Article Text

51 Contact Force Data Availability Reduces Acute Pulmonary Vein Reconnection: Early Results from the Smart AF Trial
  1. Waqas Ullah1,
  2. Ailsa McLean1,
  3. Muzahir Tayebjee2,
  4. Dhiraj Gupta3,
  5. Matthew Ginks4,
  6. Guy Haywood5,
  7. Mark O’Neill6,
  8. Pier Lambiase7,
  9. Mark Earley1,
  10. Richard Schilling1,
  11. AF Smart8
  1. 1St Bartholomew’s Hospital
  2. 2Leeds General Infirmary
  3. 3Liverpool Heart and Chest Hospital
  4. 4John Radcliffe Hospital
  5. 5Derriford Hospital
  6. 6St Thomas’ Hospital
  7. 7The Heart Hospital
  8. 8Trial Group, UK


Introduction Contact force (CF) sensing data may facilitate wide area circumferential ablation (WACA). We present data from an interim analysis of the first multicentre randomised controlled trial studying the impact of this data on the ablation of paroxysmal atrial fibrillation (PAF).

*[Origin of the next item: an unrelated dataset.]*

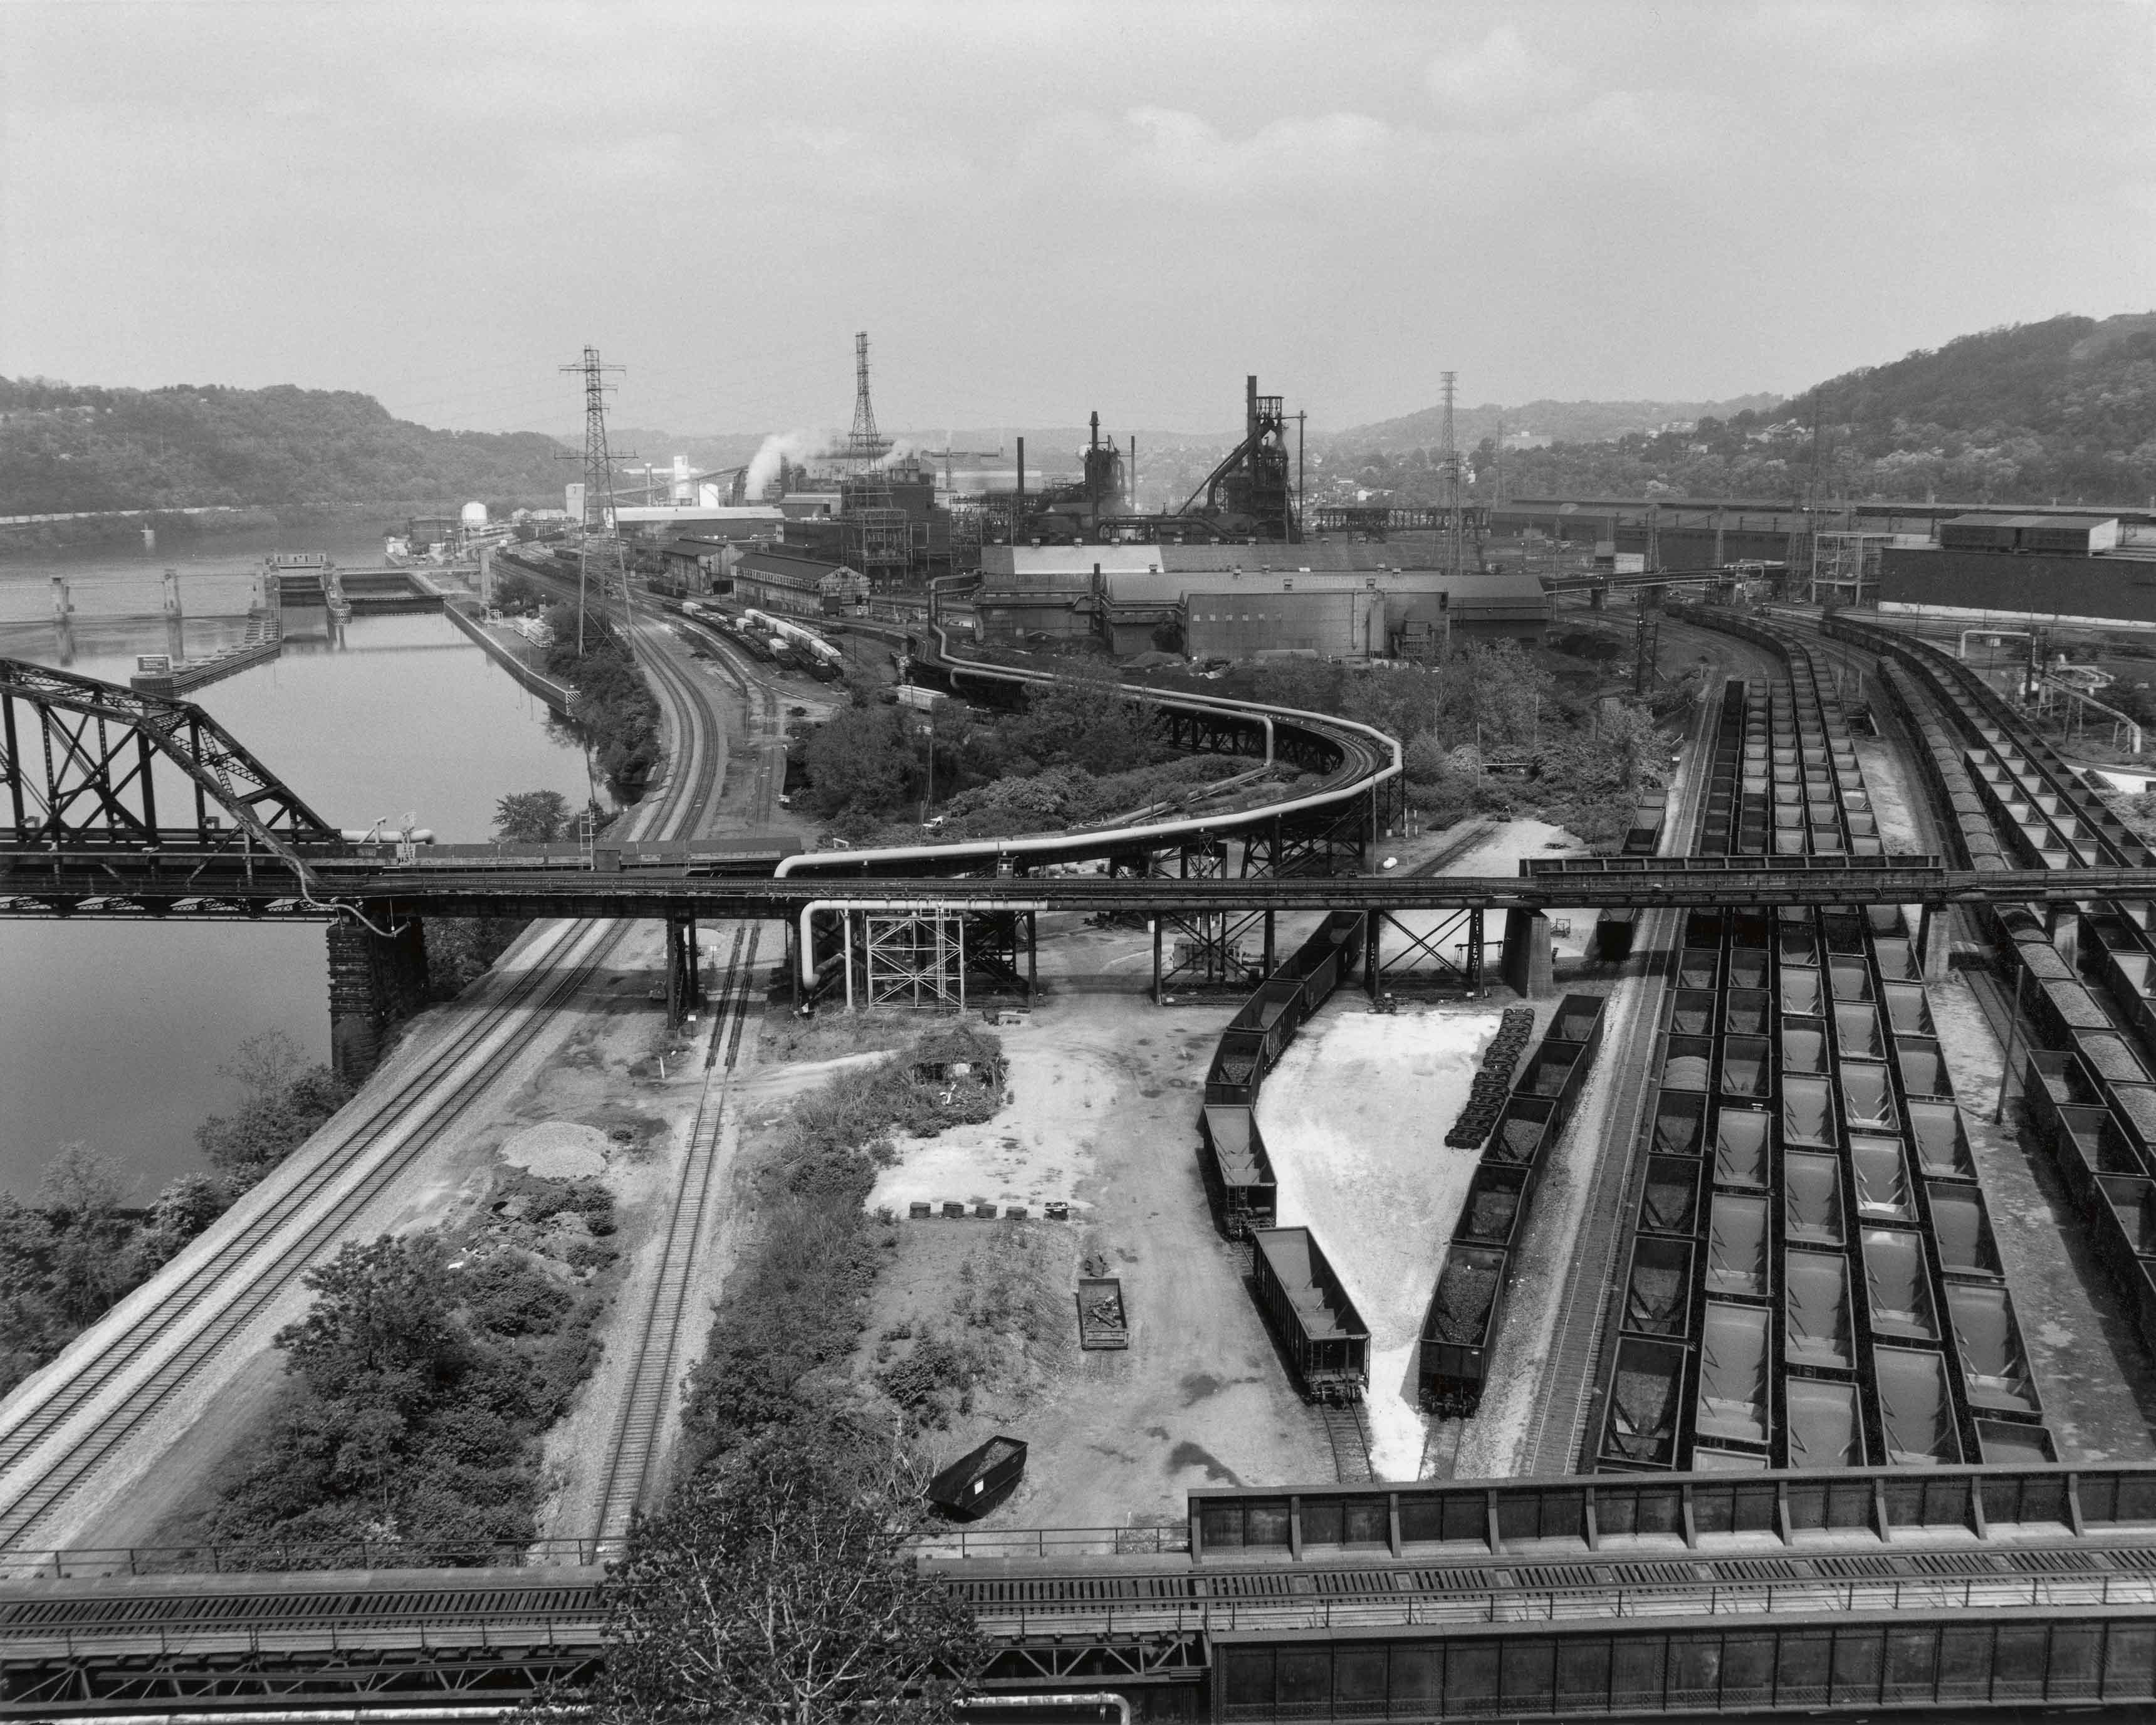 U.S.S Edgar Thompson Steel Works & MononGahela River (2013). Tirage Gélatino-Argentique, 12,9 x 152,4 cm. LaToya Ruby Frazier.

Methods At 7 UK centres, patients undergoing first-time PAF ablation were randomised to ablation with (CF-on) or without CF data (CF-off) available to the operator. Planned recruitment is 120 patients with 1 year follow-up. Using a 3D mapping system and the SmartTouch CF-sensing catheter (Biosense Webster), all patients underwent WACA. Subsequently a 1 h waiting time was observed before assessing acute pulmonary vein (PV) reconnection; if the PV remained isolated, 18 mg adenosine was administered intravenously. The primary end point was acute PV reconnection (spontaneous/adenosine induced). PVs were assessed separately, but cases of a common trunk were taken as one vein. PVs that appeared isolated but were assessed without completing the waiting period were excluded from the acute reconnection analysis. Follow-up is ongoing and 3 month outcomes are reported.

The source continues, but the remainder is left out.